Oil tycoon Mikhail Khodorkovsky, jailed on charges of fraud and tax evasion, described his resignation from the Yukos company as a move to save the oil giant from an escalating criminal probe that has seen top shareholders imprisoned and a large chunk of Yukos stock frozen.
"As the leader, I must do all I can to free our work collective from the blow aimed against me and my partners," Khodorkovsky, who turned Yukos into Russia's largest oil producer, said Monday in a statement. "I am leaving the company."
Khodorkovsky's resignation came nine days after he was jailed in Moscow during a four-month-old investigation of the oil company that has dragged down Yukos shares, caused the Russian stock market to plunge and raised questions about Russia's economic and political course.
The price of Yukos shares shot up by 3.9 percent immediately after Khodorkovsky's announcement in Moscow trading, ending the day up 12 percent at US$12.65. The share price is still more than 20 percent below its all-time high posted just before Khodorkovsky's arrest.

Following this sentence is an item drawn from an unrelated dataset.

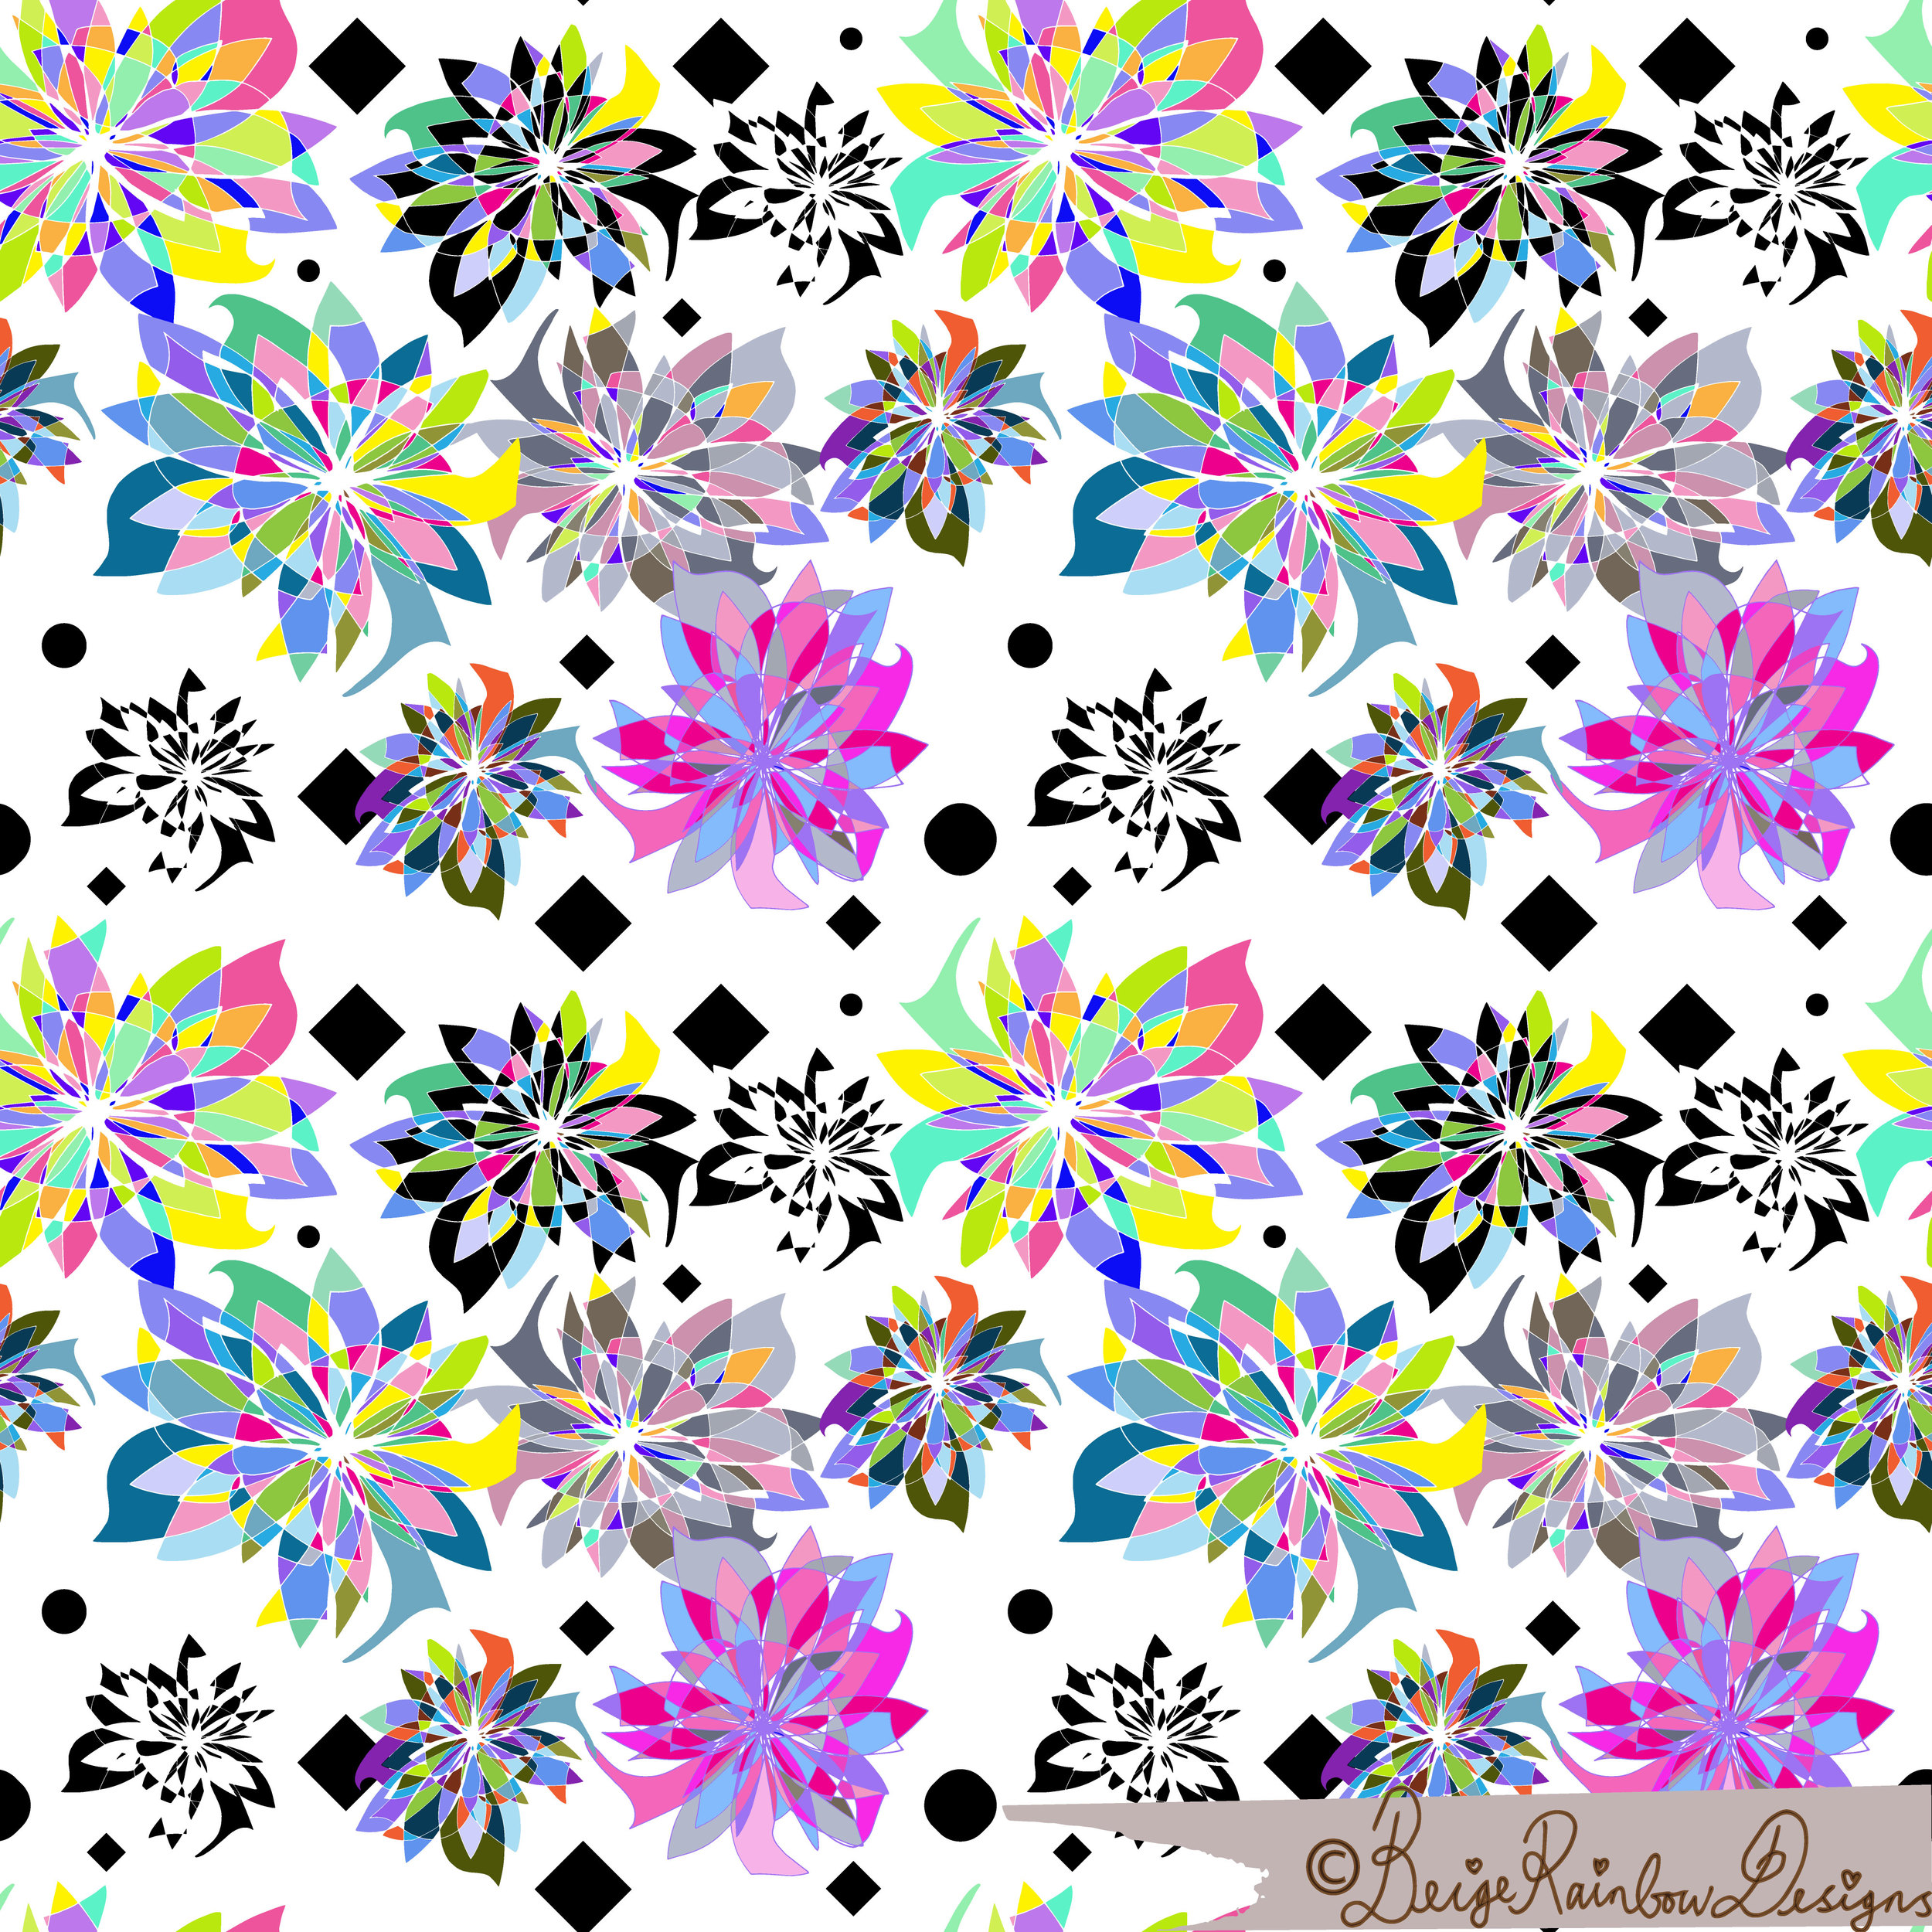 Shattered-diamond-pattern-finished-for-webby.jpg

Critics say Khodorkovsky was chosen as a target by President Vladimir Putin's fellow ex-KGB officers in the Kremlin to curb his growing financial and political clout and avenge his funding of opposition parties.
His jailing and last week's court decision to freeze 44 percent of Yukos' shares stoked fears that prosecutors are laying the groundwork for a redistribution of state assets privatized after the 1991 collapse of the Soviet Union.
The often-dubious privatization deals created tycoons, such as Khodorkovsky, who bought up state assets at rock-bottom prices, earning the contempt of their impoverished compatriots.
Putin and his ministers have denied that privatization -- considered at the time as a key way of preventing the Communists from returning to power -- will be revisited. But Washington has warned that the escalating probe raises "serious questions about the rule of law in Russia." Germany, Russia's largest trading partner, has also said that it is watching the process closely.
In the statement, Khodorkovsky said "the situation that has taken shape today forces me to drop my plans to continue personal involvement in the development of the company," which is finalizing a merger with its smaller rival, Sibneft, to create the world's fourth-largest oil company.
Oil analysts praised his move to step down, saying that it should help take pressure off Yukos.
"He is in jail. He can't really be an effective chairman," said Vitaly Yermakov, an oil analyst with Cambridge Energy Research Associates in Moscow. "For all practical purposes, it is a normal move of a person that cares about his company."
Khodorkovsky can be held until Dec. 30, but prosecutors can easily seek further extensions just as they have with a top Yukos shareholder, Platon Lebedev, who has been jailed since July.
In the statement, Khodorkovsky said he was "certain that the highly professional, close team of experienced managers" will move the company forward. Russian media reported that American Steven Theede, in charge of Yukos' day-to-day operations, is the most likely Yukos manager to succeed Khodorkovsky.
But while Yukos may get some breathing space, Khodorkovsky is unlikely to, analysts said.
"It doesn't change the view [of those who consider] that Khodorkovsky is a man with a lot of money who has to be brought down to size," said Stephen O'Sullivan, head of research at United Financial Group in Moscow.
Yermakov agreed, saying that for prosecutors "the real issue is his ownership of a large stake of shares of Yukos. His position as chairman of the board by itself is not a key issue in appeasement."
Finance minister Alexei Kudrin, in an interview published on Monday before Khodorkovsky's resignation, cast the move to freeze Yukos shares as part of efforts to restore law and order and predicted that the Yukos probe will benefit the economy in the long run.
"One individual court case cannot revoke all the positive changes in the economy and society, everything that has already been done and is planned for development of the market in our country," Kudrin was quoted as saying by the Kommersant newspaper.
"I've heard personally from [Putin] and clearly understand myself that this is not a redistribution of property and not a campaign against oligarchs," Kudrin said.
A Canadian lawyer representing Khodorkovsky appealed in Brussels on Monday for the EU to take up the case when it holds a summit with Putin this week.
Khodorkovsky, meanwhile, staunchly defended Yukos, noting that it will pay US$5 billion in taxes this year, has paid off overdue debts amounting to US$3 billion over the last seven years and gives US$100 million to charity annually.
In his statement, Khodorkovsky said: "we set up the most effective company in the country ... we together did something that seven years ago would have been unthinkable."
In an apparent dig at the Kremlin, Khodorkovsky said he plans to dedicate his future to his work as head of Open Russia, a foundation he created and whose aims he said include "building in Russia an open and truly democratic society."